═══ Dataset records

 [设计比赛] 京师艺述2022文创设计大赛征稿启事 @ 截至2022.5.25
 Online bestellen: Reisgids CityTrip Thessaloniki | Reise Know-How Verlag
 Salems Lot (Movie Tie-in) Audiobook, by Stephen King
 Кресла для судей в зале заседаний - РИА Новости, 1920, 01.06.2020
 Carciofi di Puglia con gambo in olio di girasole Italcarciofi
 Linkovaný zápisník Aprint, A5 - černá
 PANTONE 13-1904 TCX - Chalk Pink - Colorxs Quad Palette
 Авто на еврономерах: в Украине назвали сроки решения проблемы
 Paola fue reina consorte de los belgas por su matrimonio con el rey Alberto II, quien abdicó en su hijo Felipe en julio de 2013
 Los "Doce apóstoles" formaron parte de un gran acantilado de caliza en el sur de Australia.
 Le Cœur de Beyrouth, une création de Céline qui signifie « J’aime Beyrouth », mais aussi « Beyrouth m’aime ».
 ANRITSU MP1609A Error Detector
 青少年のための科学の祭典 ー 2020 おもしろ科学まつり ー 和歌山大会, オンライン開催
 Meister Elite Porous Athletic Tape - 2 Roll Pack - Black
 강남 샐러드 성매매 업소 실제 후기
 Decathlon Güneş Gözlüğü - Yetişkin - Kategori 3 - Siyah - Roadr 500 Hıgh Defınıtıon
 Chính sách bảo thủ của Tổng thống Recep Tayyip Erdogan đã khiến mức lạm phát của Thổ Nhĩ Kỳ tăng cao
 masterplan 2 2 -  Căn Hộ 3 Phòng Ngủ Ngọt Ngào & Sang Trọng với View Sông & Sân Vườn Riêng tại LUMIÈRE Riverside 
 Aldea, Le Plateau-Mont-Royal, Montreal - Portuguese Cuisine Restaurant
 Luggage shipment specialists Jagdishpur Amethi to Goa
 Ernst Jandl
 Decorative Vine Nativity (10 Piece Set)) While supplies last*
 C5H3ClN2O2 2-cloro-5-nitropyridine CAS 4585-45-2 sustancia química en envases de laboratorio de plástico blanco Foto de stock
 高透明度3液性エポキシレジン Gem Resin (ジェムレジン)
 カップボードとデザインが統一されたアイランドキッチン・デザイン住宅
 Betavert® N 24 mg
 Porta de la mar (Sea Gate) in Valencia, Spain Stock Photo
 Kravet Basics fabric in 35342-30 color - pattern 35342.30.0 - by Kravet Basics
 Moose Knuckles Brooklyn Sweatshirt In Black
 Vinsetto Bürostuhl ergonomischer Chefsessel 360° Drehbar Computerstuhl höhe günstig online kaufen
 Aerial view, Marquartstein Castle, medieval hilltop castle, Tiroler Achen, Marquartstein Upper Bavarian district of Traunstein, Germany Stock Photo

══════

### Task prompt
Could you output the lines above, exactly as written, from the one containing "高透明度3液性エポキシレジン Gem Resin (ジェムレジン)" through the last, with both ends included and no others?

### Answer to this exercise
 高透明度3液性エポキシレジン Gem Resin (ジェムレジン)
 カップボードとデザインが統一されたアイランドキッチン・デザイン住宅
 Betavert® N 24 mg
 Porta de la mar (Sea Gate) in Valencia, Spain Stock Photo
 Kravet Basics fabric in 35342-30 color - pattern 35342.30.0 - by Kravet Basics
 Moose Knuckles Brooklyn Sweatshirt In Black
 Vinsetto Bürostuhl ergonomischer Chefsessel 360° Drehbar Computerstuhl höhe günstig online kaufen
 Aerial view, Marquartstein Castle, medieval hilltop castle, Tiroler Achen, Marquartstein Upper Bavarian district of Traunstein, Germany Stock Photo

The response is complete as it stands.